Amid growing pressures on China’s real economy, the government has adopted financial concession policies to encourage banks to reduce fees, extend preferential loans, and support the real sector. Using panel data from 115 Chinese commercial banks between 2016 and 2022, this paper investigates the impact of such policies, with loan loss provisioning (LLP) serving as the main indicator of banks’ concessionary responses. It introduces a novel classification framework to distinguish three types of behavior: (1) Type I pseudo-concessions—excessive LLP to suppress profits; (2) Type II pseudo-concessions—reduced LLP to inflate earnings; (3) substantive concessions—LLP reductions used to ease capital constraints and expand credit. Using content-based analysis of annual reports and a generalized DID approach, this paper empirically tests whether and how banks adjust LLP in response to policy signals.

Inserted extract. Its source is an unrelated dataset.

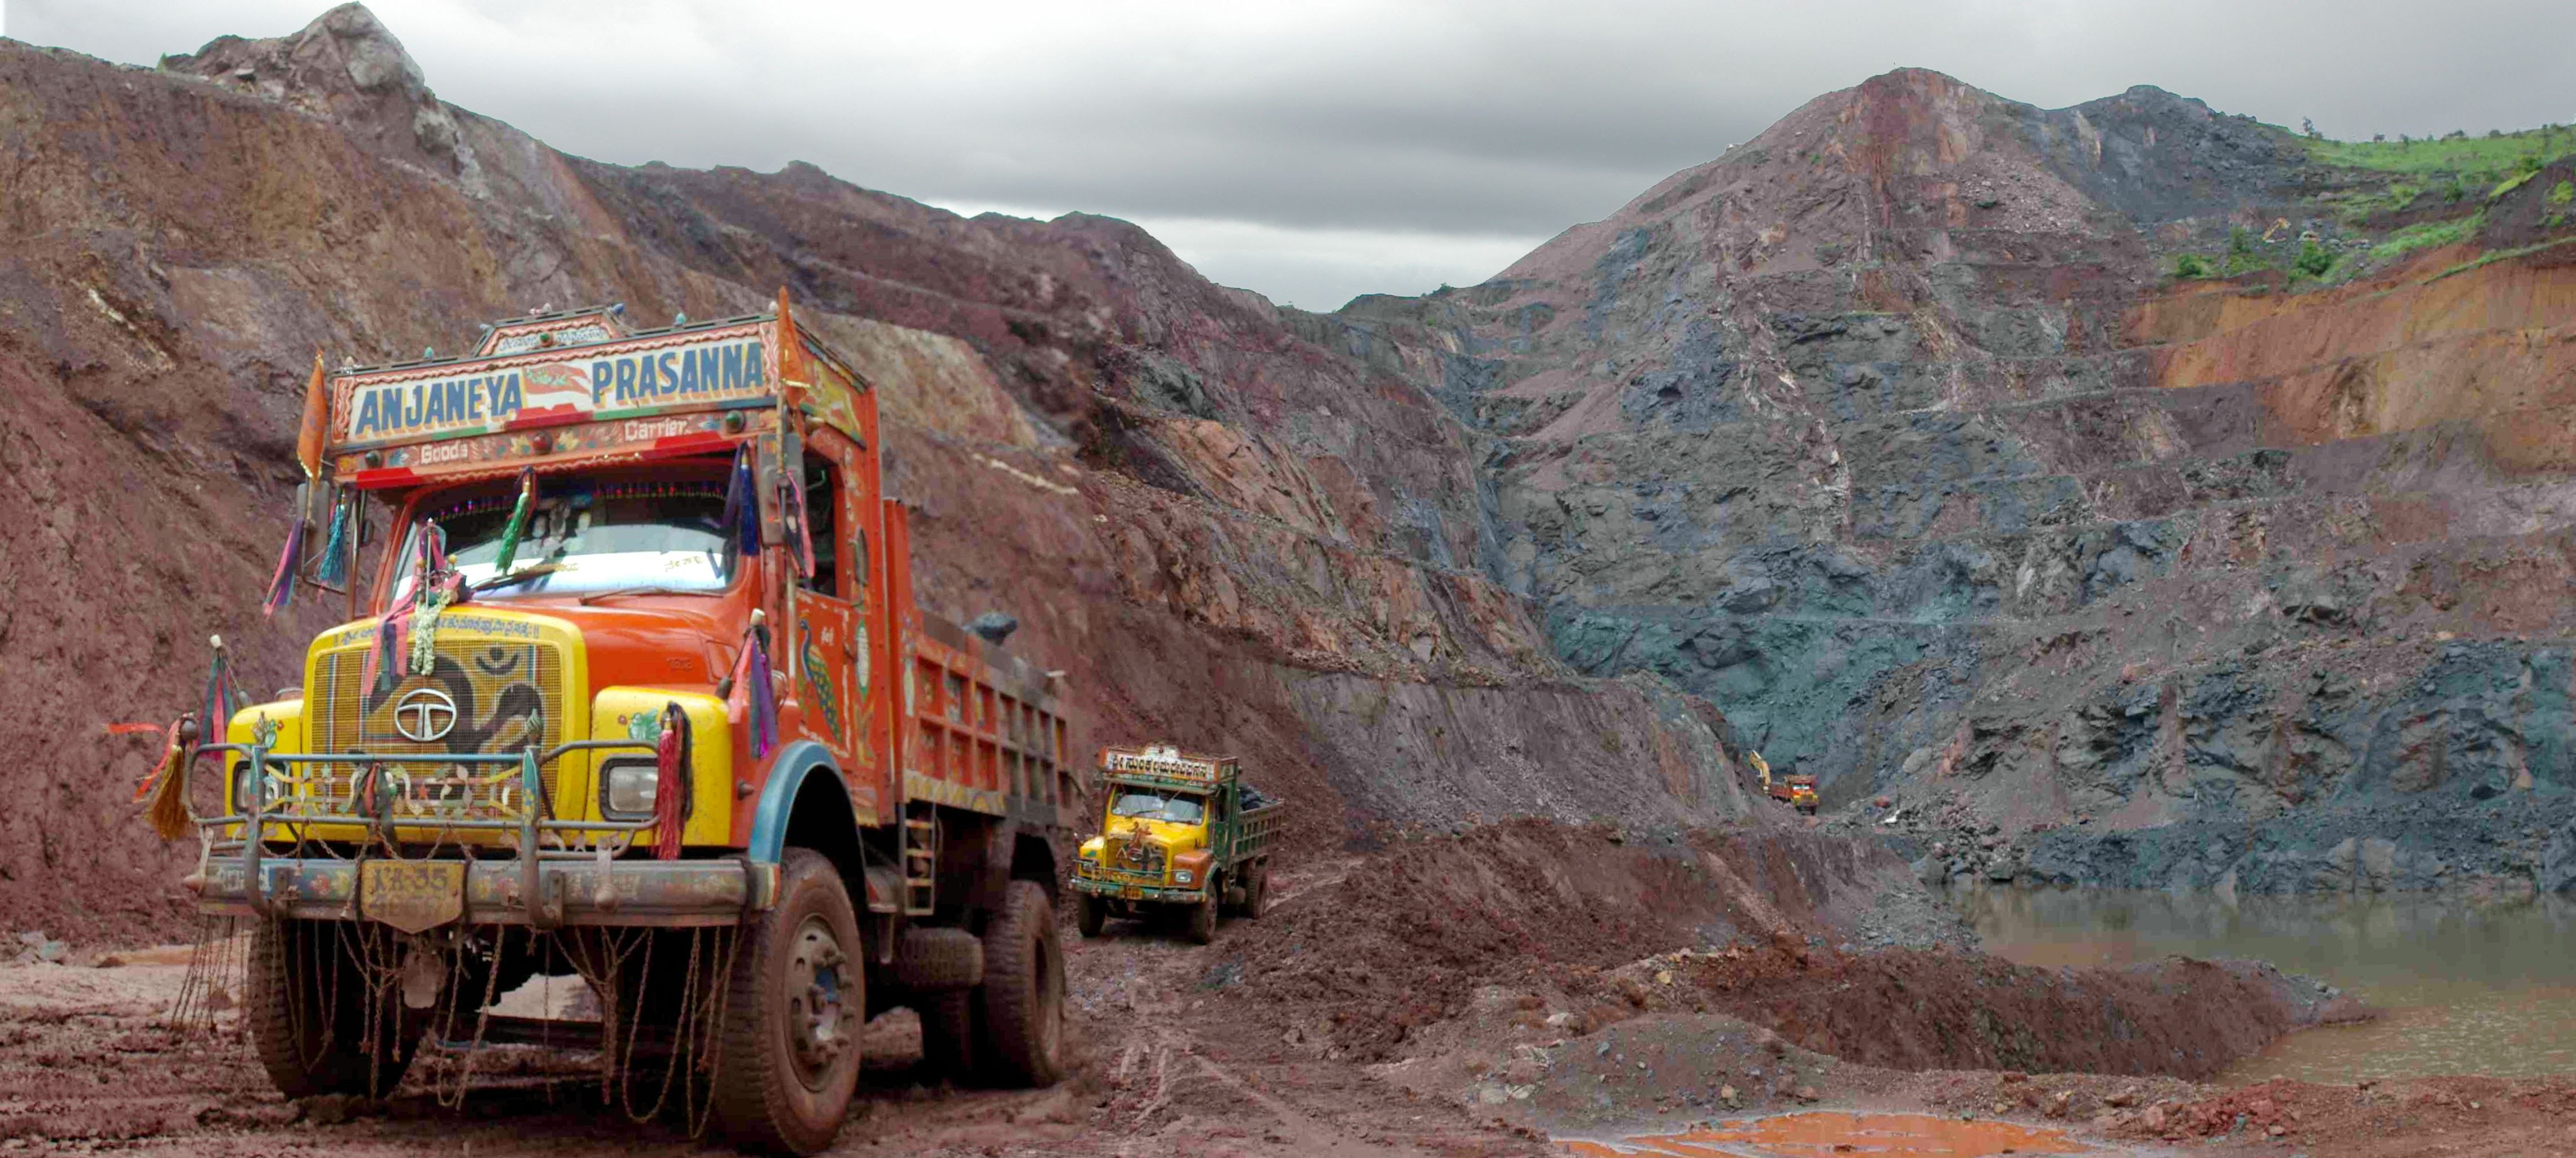 Iron ore mining in Karnataka state. India Iron ore

The results show that financial concession policies significantly lower LLP, alleviate capital constraints, and reduce the procyclicality of credit supply, thereby enhancing financing for the real economy. No evidence has been found for either type of pseudo-concessions, suggesting that banks undertake substantive profit-concessions. Further subgroup regression results indicate that substantive profit-concession behavior is more pronounced among banks located in regions with greater fiscal pressure, operating in more competitive markets, or exhibiting lower risk tolerance. This suggests that banks are indeed actively responding to policy guidance, driven by multiple external environmental factors.
This paper contributes to the literature in three ways: First, it transcends the cognitive boundaries of the traditional theory of bank avoidance behavior, revealing that under the guidance of flexible policies, banks may proactively align with national policy objectives rather than merely seeking to circumvent regulatory requirements. Second, it constructs a more interpretable and operational framework to identify profit-concession behavior and systematically distinguishes three types of profit-concession behavior, expanding the methodological framework of micro-level banking research. Third, it employs the frequency of policy-related terms in banks’ annual reports as a proxy for their level of policy exposure, which better aligns with the characteristics of soft policy environments and offers stronger explanatory power and greater relevance for policy implications.